Même évolution du côté d’Aprium, qui a inauguré le 19 mars, un nouveau modèle de pharmacie « ultra marchand » à Wasquehal. La pharmacie Lievens, qui se situe en centre commercial, est équipée de cabines de santé pour accueillir les patients. « Elle a une surface de vente de 700 m2 et était identifiée comme une parapharmacie, mais les pharmaciens ont souhaité revenir vers leurs missions de santé et être identifiés aussi pour leurs nouvelles missions », explique Laure de Santi, directrice marketing d’Aprium.
Ils ont donc rejoint ce nouveau cluster, dont le chiffre d'affaires s’élève à plus de 6,5 millions d’euros (contre 3,5 millions en moyenne) créé au sein d’Aprium, avec l’ambition d’être reconnu comme « un expert santé et un expert du commerce ». 36 pharmacies ont rejoint cette catégorie « ultra marchand », mais une centaine a été identifiée par Aprium parmi les 500 du groupement.

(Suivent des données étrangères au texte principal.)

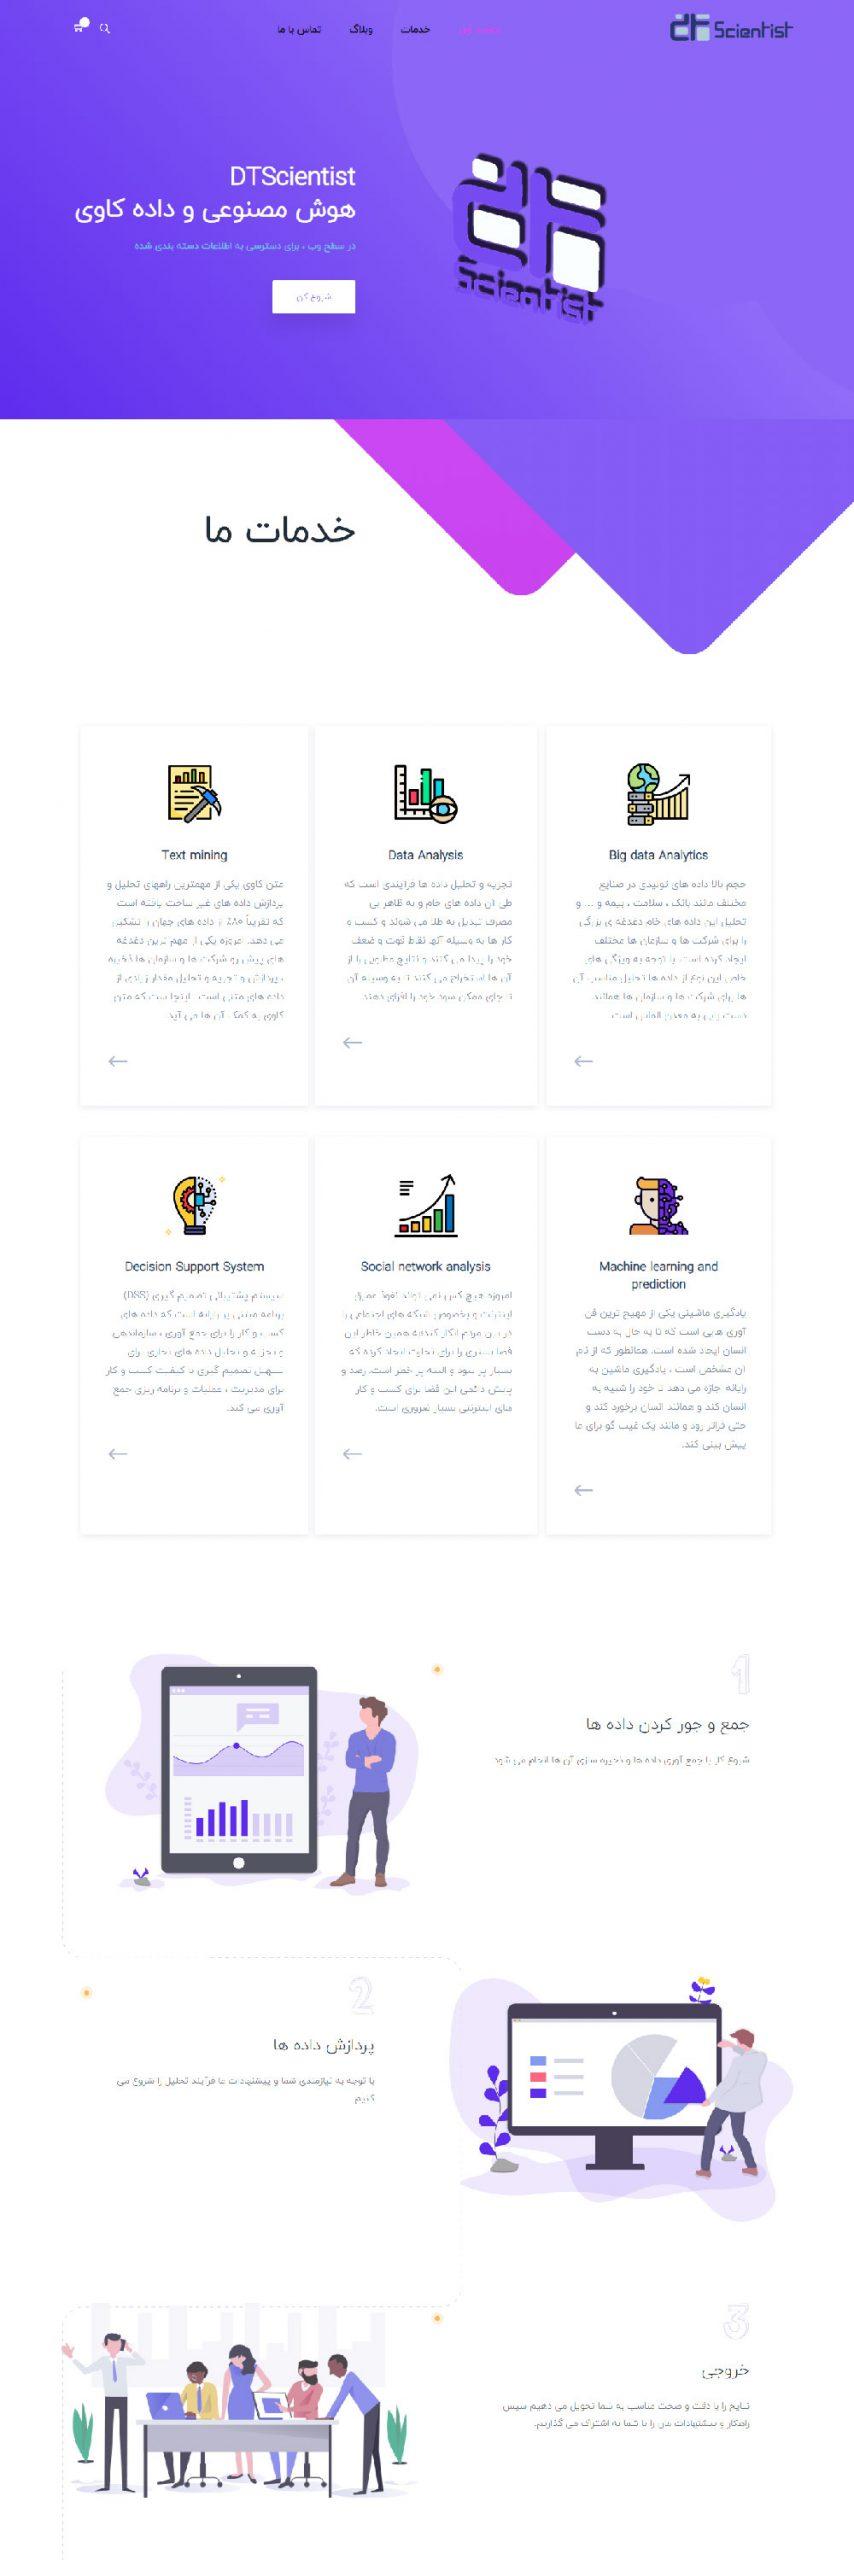 نمونه سایت خدماتی هوش مصنوعی - سپیا وب
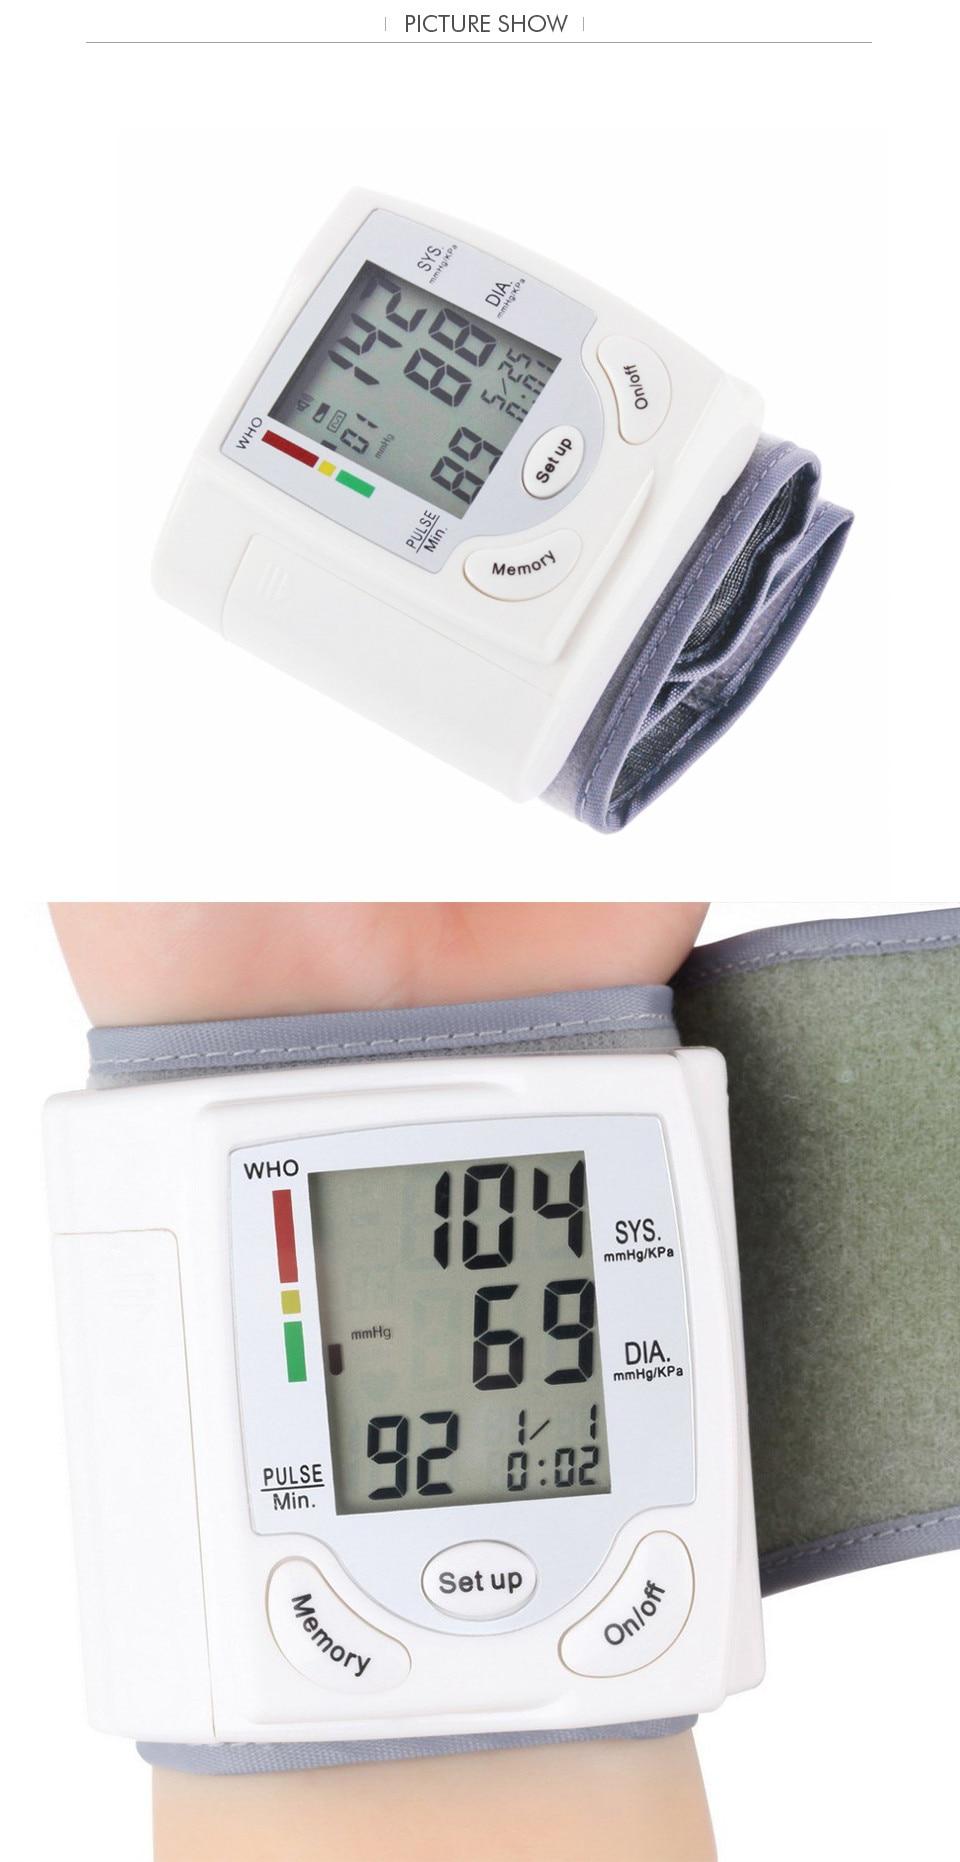 Gustala Automatic Digital Sphygmomanometer Wrist Cuff Arm Blood Pressure Monitor Meter Gauge Measure Portable Bracelet Device 18

L’identité visuelle qui permet non seulement de circuler, mais d’identifier les différents services proposés a été particulièrement travaillée, autour de la croix verte d’Aprium restylisée et de bannières jaunes pour les promos. Le parcours client intègre par ailleurs de nouvelles fonctionnalités telles que le click and collect et le recyclage. « Nous n’avons pas voulu faire un supermarché de la pharmacie, ce n’est pas notre créneau, explique Laure de Santi. On veut faire savoir que l’on est bien dans une pharmacie, mais qu’il y a aussi de bonnes affaires à faire, on joue donc sur ces deux tableaux. On assume d’être une pharmacie ultra-marchande, mais une pharmacie avant tout. »
Ce modèle « ultra marchand » convient à des pharmaciens qui cherchent à augmenter leurs chiffres d'affaires et développer leur marge commerciale. Pour rejoindre ce cluster, ils doivent cocher un certain nombre de critères : la surface peut aller de 100 à 650 m2, mais le chiffre d’affaires doit être de 2 millions sur la parapharmacie, il doit disposer de 12 têtes de gondole et 12 bacs soldeurs minimum, ainsi que de 800 mètres de linéaire. Et avoir un positionnement prix très attractif sur le top 300 des best sellers. « Ce cluster a aussi pour but de montrer que chez Aprium, nous savons aussi gérer des pharmacies XXL », ajoute Laure de Santi.